◆ Task to complete
Start at the line in the entries below that contains "Пряжа YarnArt Eco", stop at the line that contains "Audi TTS(8S) x フルラッピング(施行画像編)⁣⁣", and output exactly the lines in that span, both ends included.

◆ Input data
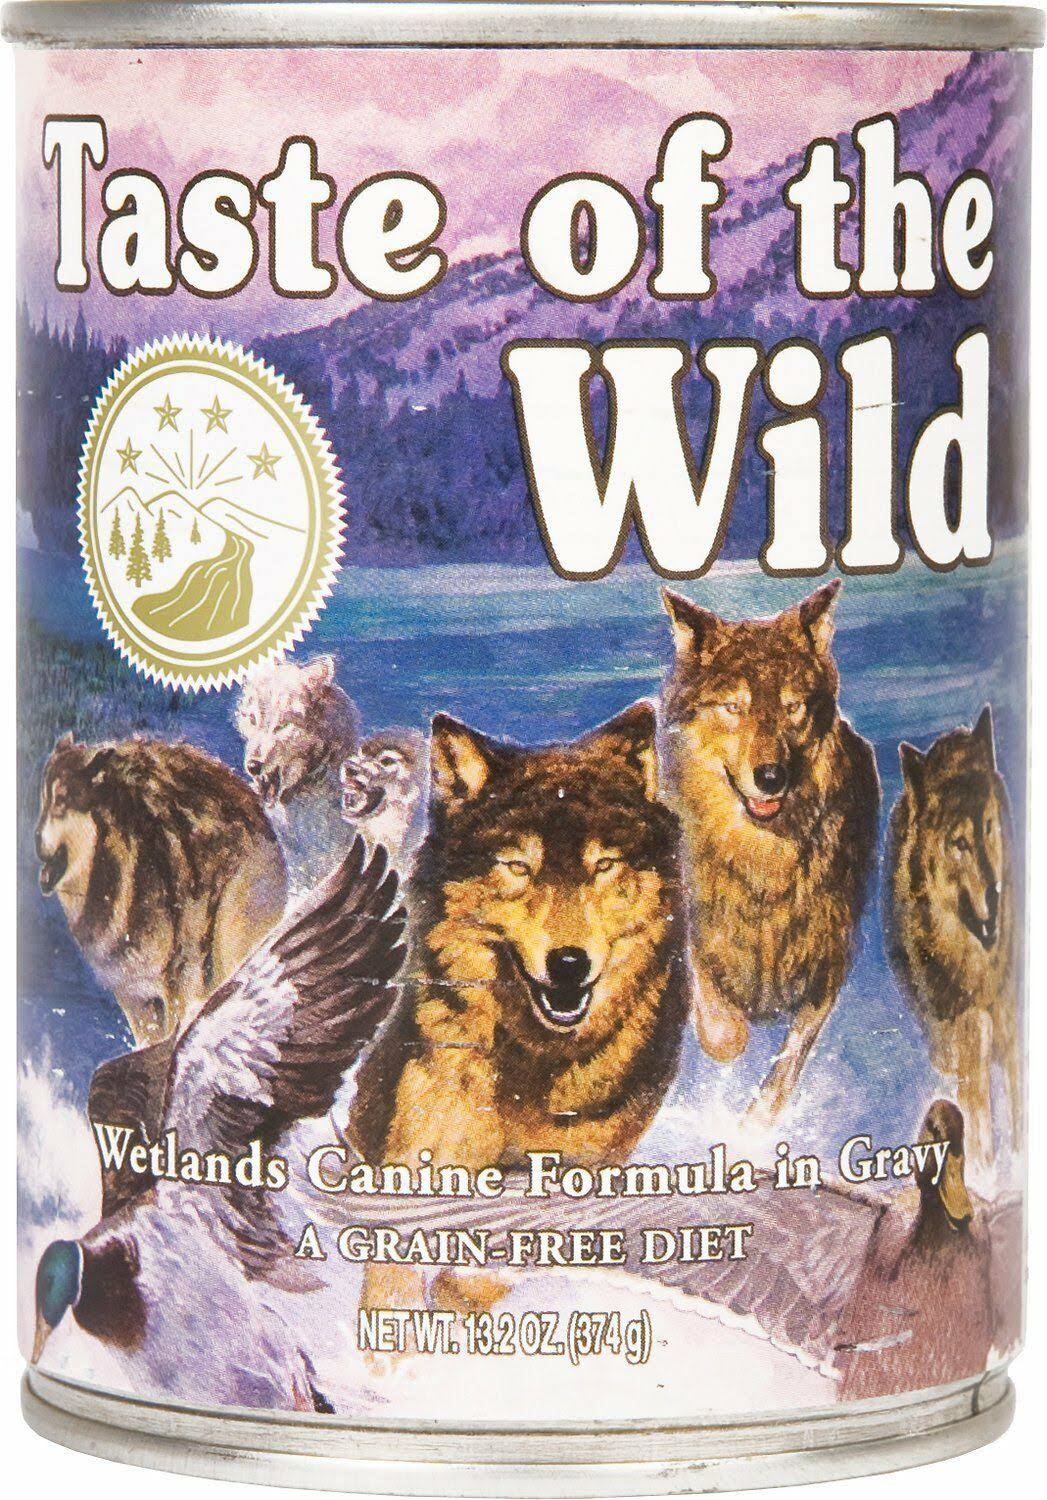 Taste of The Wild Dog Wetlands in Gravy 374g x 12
--
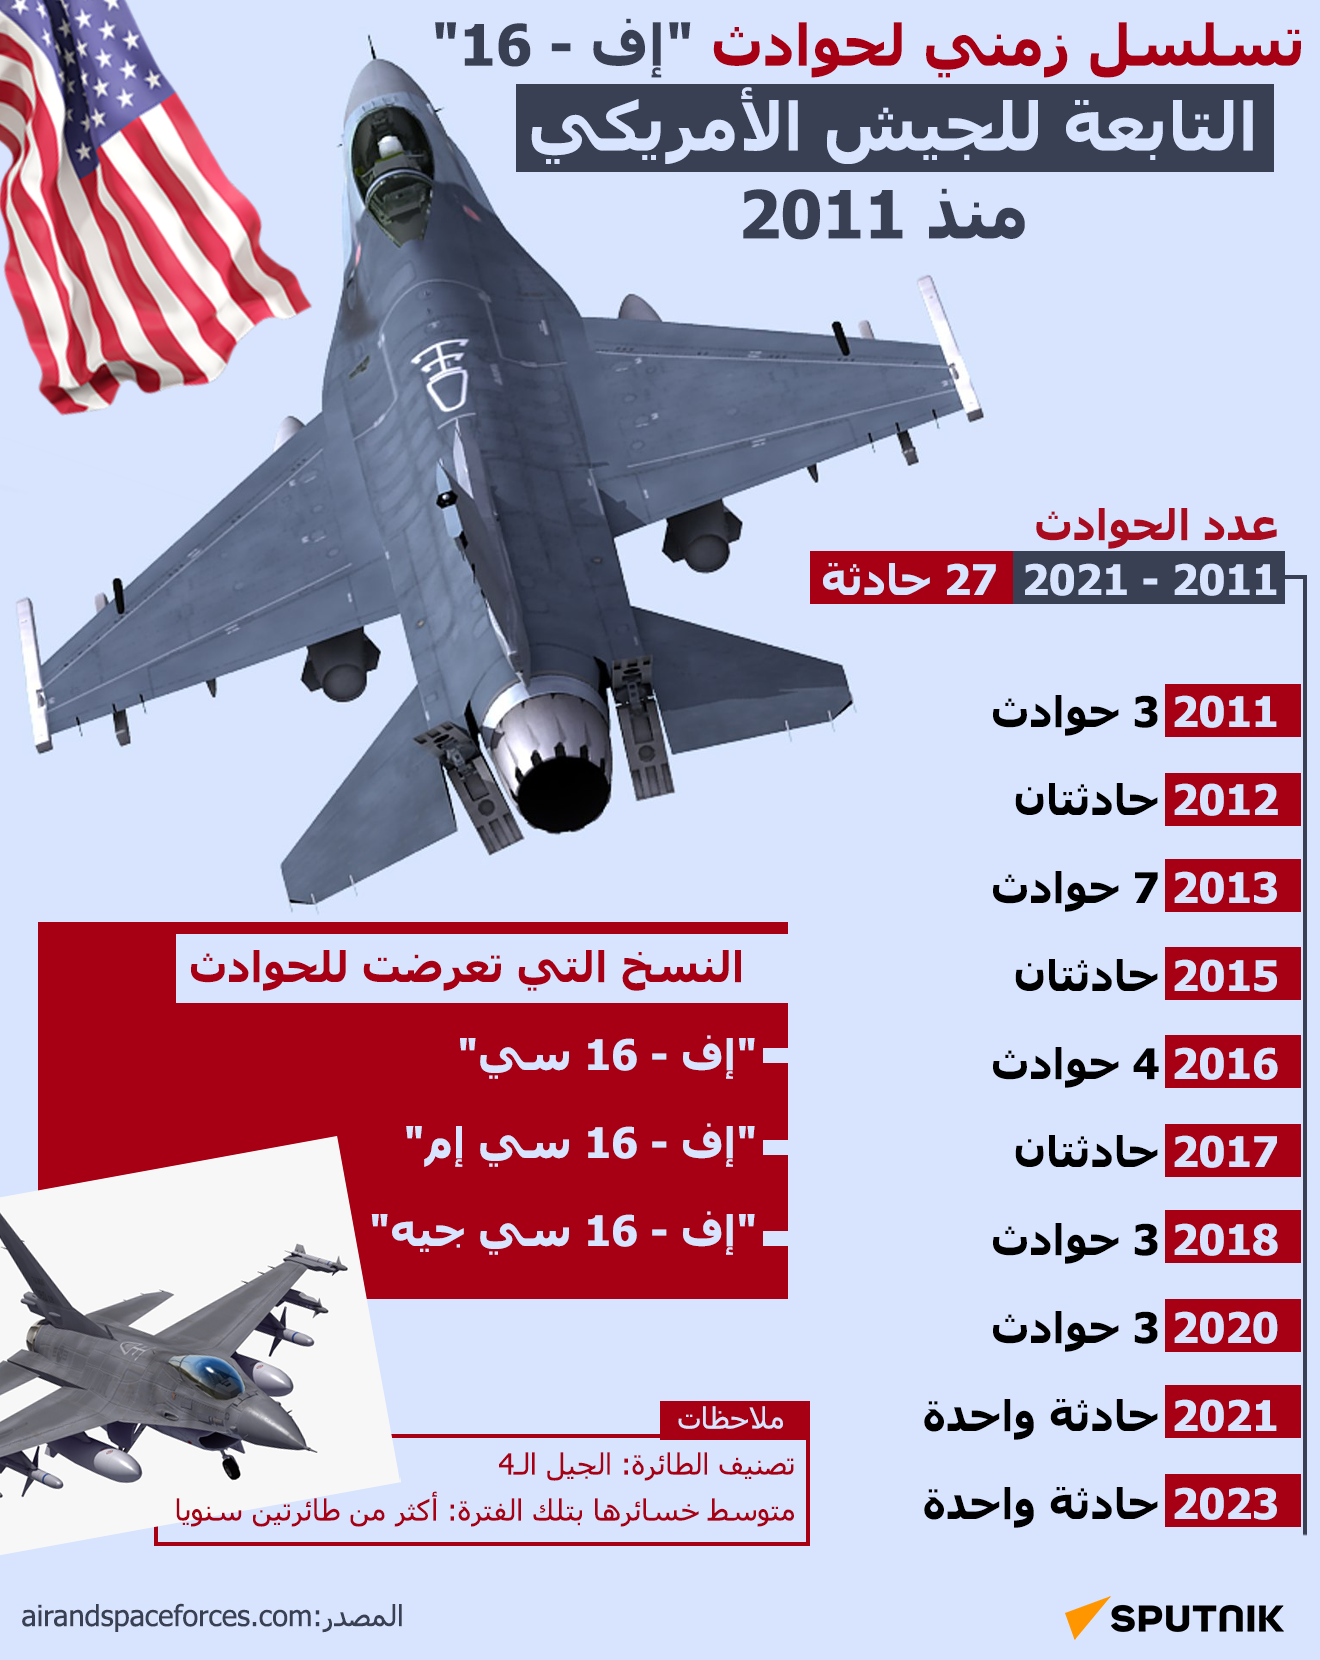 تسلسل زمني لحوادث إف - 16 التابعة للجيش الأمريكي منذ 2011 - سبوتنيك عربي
==
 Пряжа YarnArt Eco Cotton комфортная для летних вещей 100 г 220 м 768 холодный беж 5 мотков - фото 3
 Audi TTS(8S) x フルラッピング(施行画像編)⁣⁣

◆ Written solution
 Пряжа YarnArt Eco Cotton комфортная для летних вещей 100 г 220 м 768 холодный беж 5 мотков - фото 3
 Audi TTS(8S) x フルラッピング(施行画像編)⁣⁣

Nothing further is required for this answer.